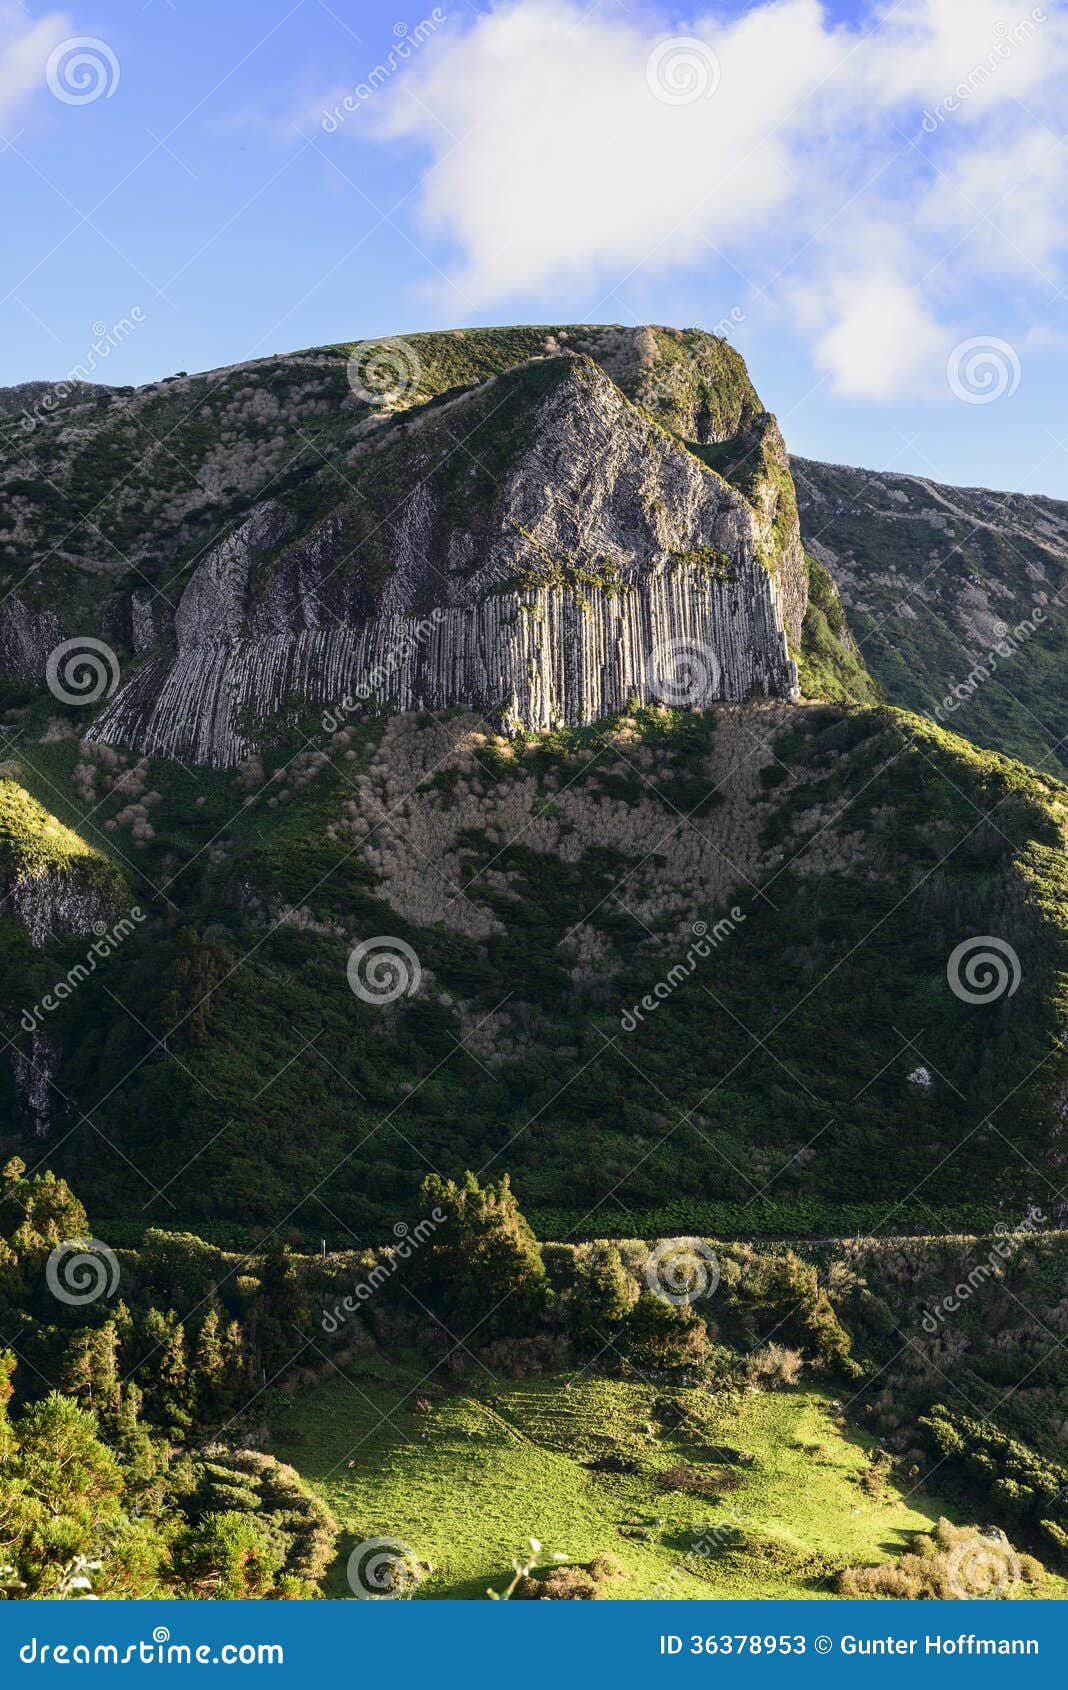 rochas dos bordoes, flores island, azores archipelago (portugal)
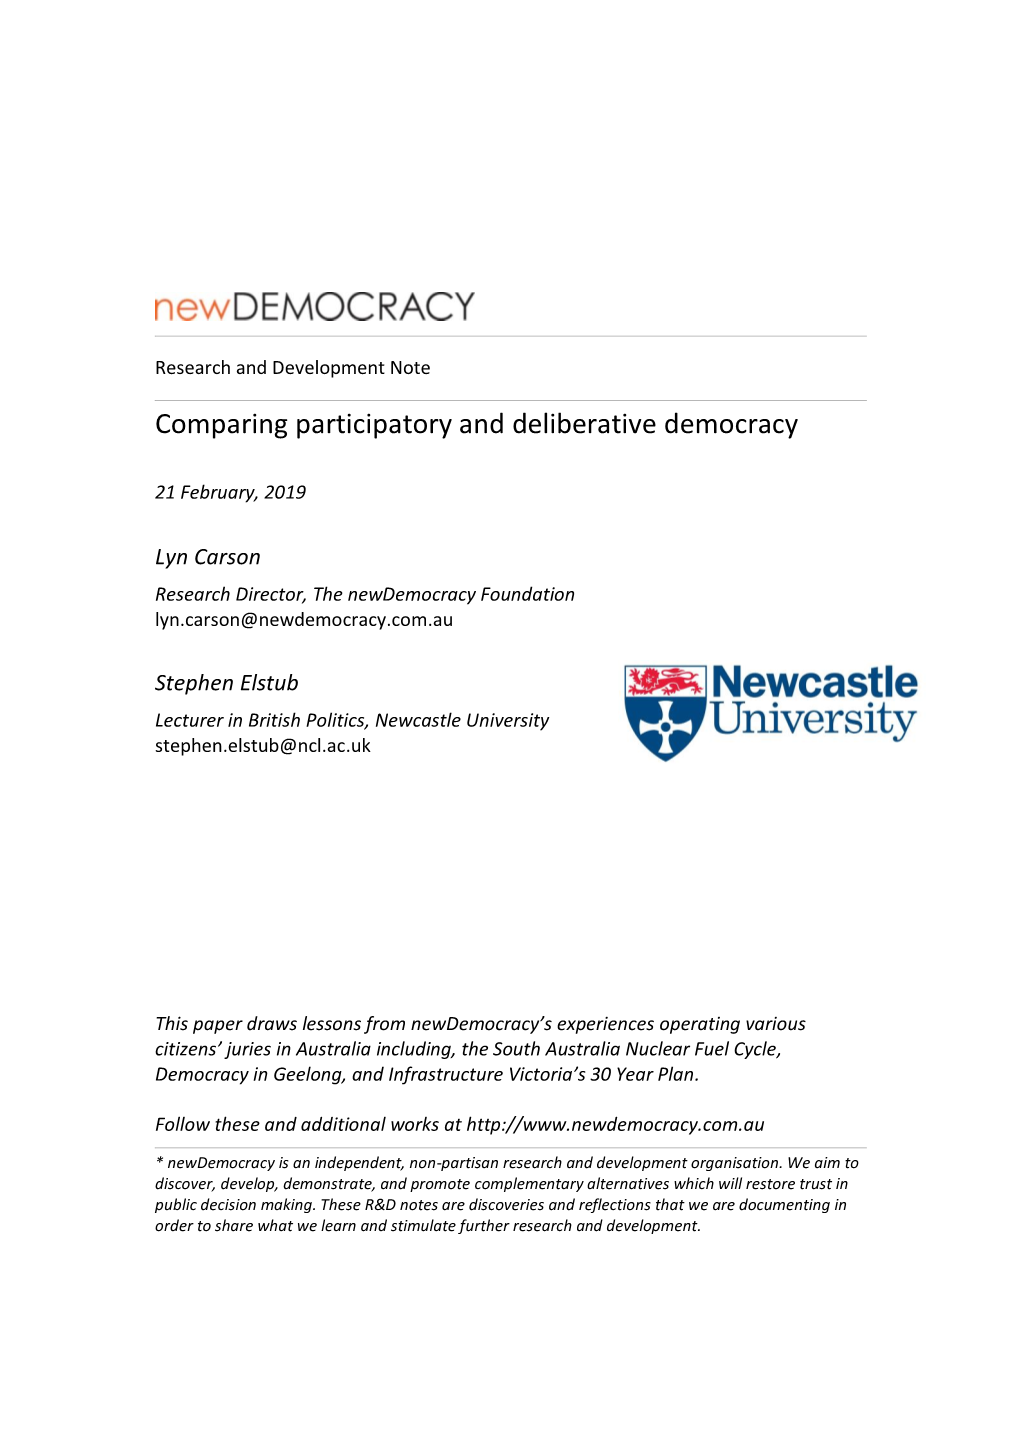 Comparing Participatory and Deliberative Democracy
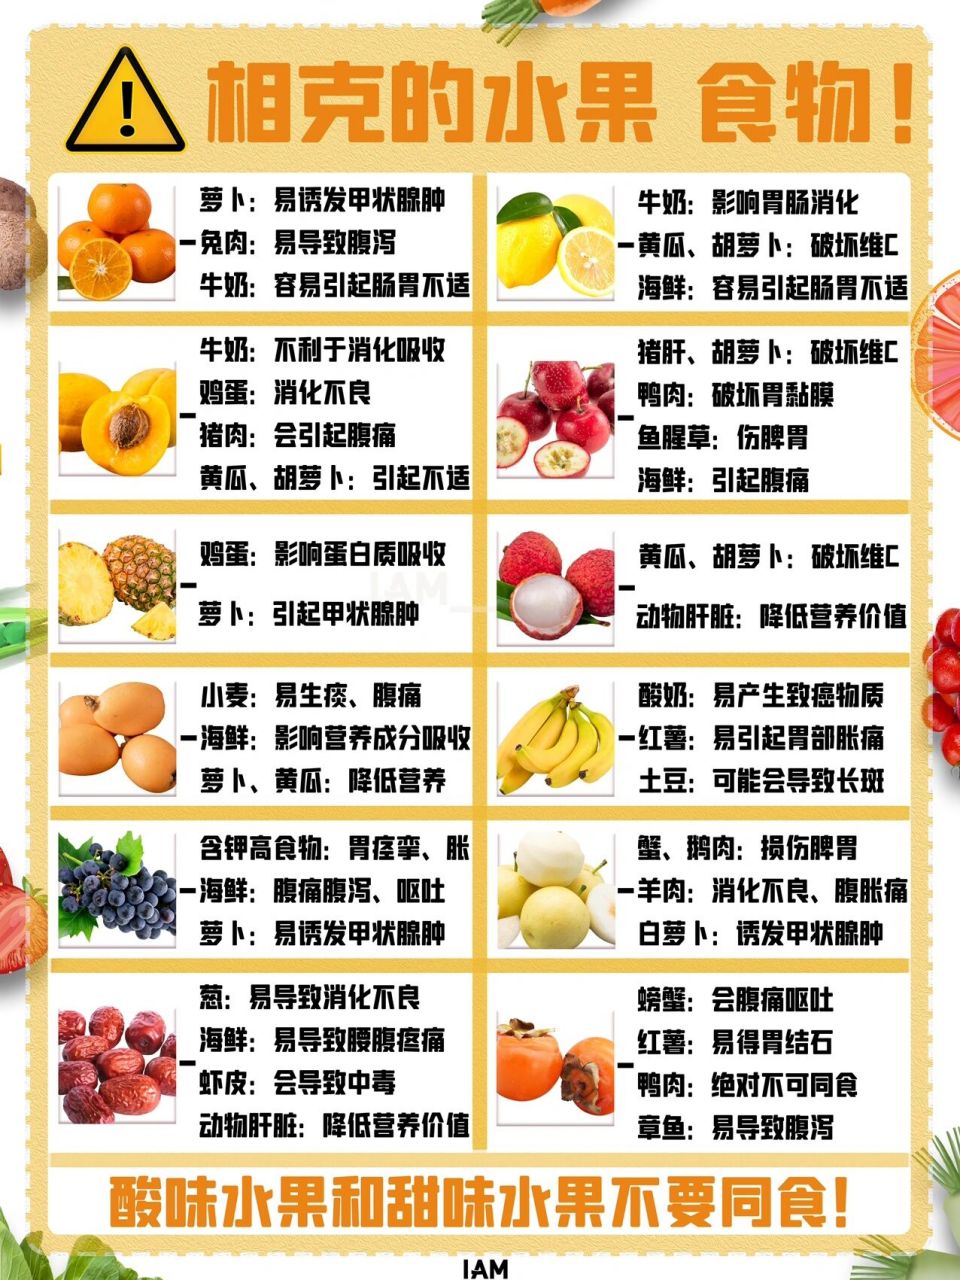 酸性水果表酸碱性图片
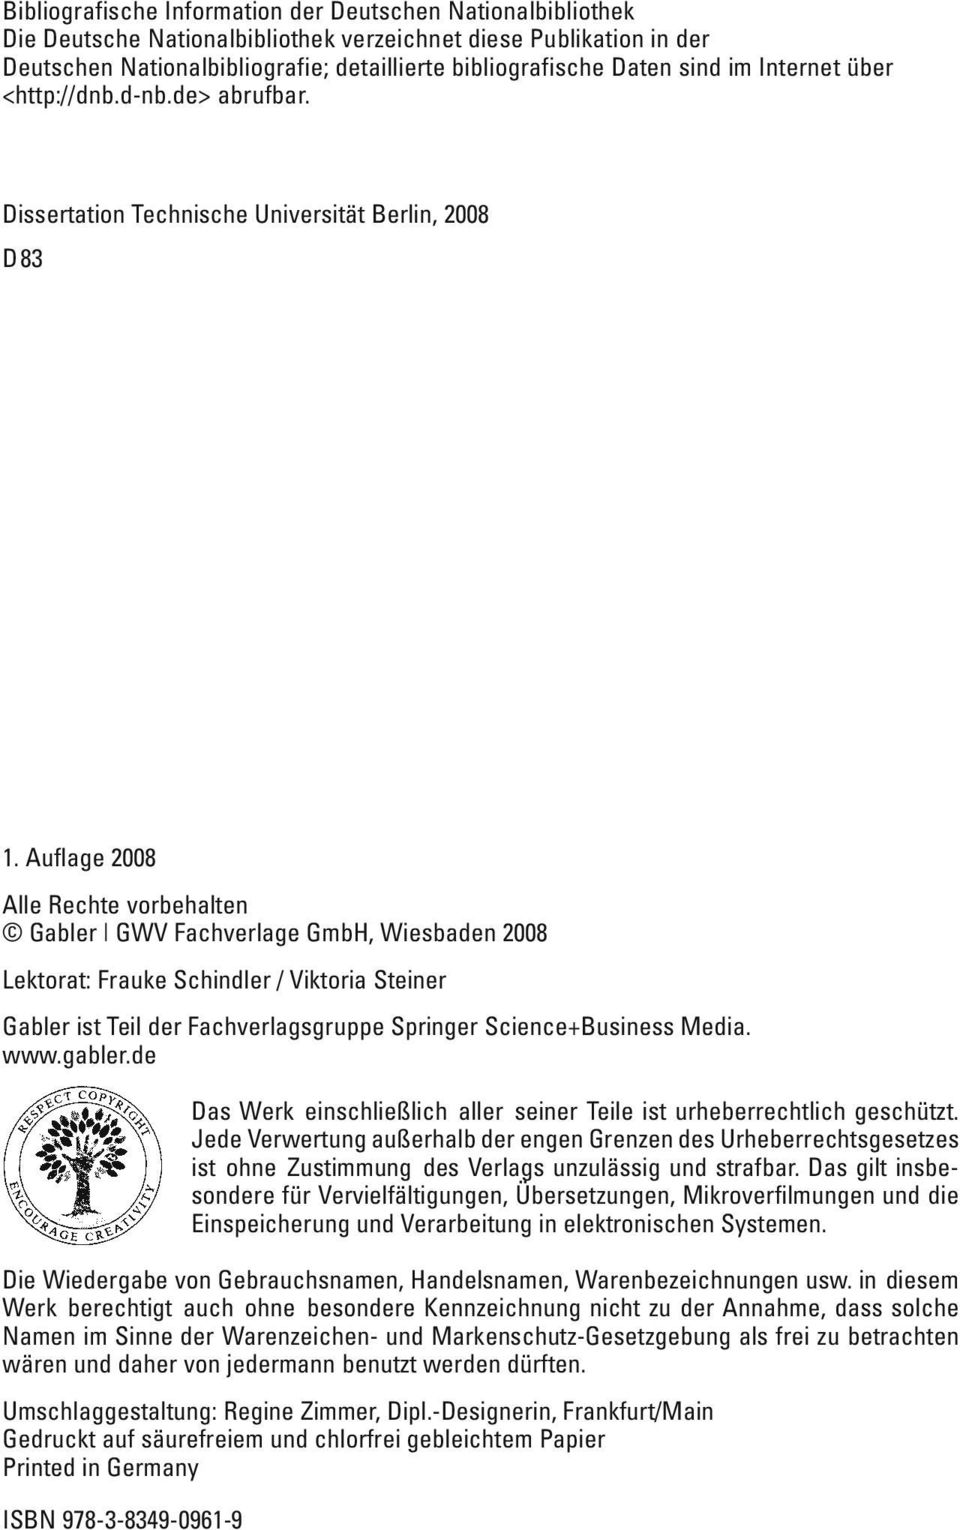 Auflage 2008 Alle Rechte vorbehalten Gabler GWV Fachverlage GmbH, Wiesbaden 2008 Lektorat: Frauke Schindler / Viktoria Steiner Gabler ist Teil der Fachverlagsgruppe Springer Science+Business Media.
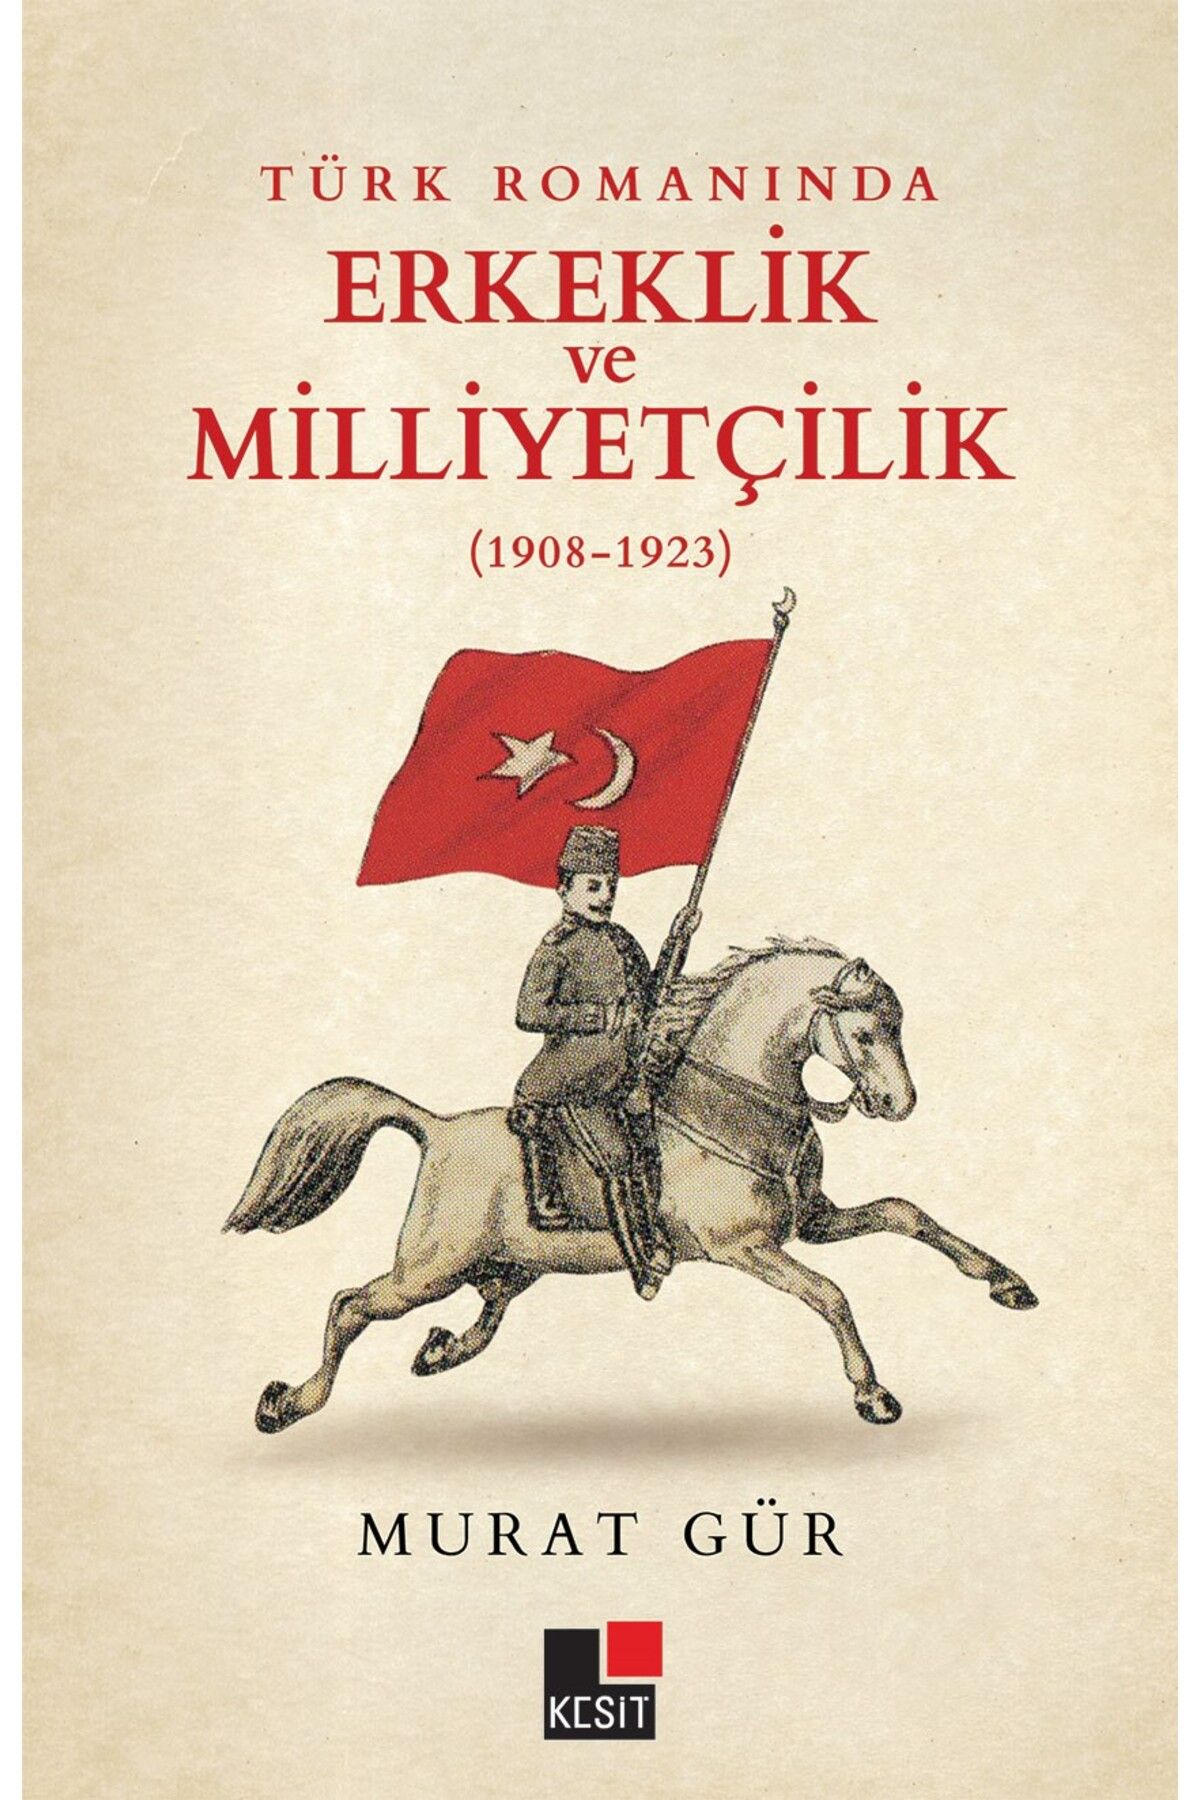 Kesit Yayınları Türk Romanında Erkeklik ve Milliyetçilik (1908-1923)

▬▬▬▬▬▬

◆ What the task asks: Everything from the line containing "Auflage 2008 Alle" through the last line of the records above is to be reproduced exactly, except the pictures.

◆ Answer box:
 Auflage 2008 Alle Rechte vorbehalten Gabler GWV Fachverlage GmbH, Wiesbaden 2008 Lektorat: Frauke Schindler / Viktoria Steiner Gabler ist Teil der Fachverlagsgruppe Springer Science+Business Media.
 Kesit Yayınları Türk Romanında Erkeklik ve Milliyetçilik (1908-1923)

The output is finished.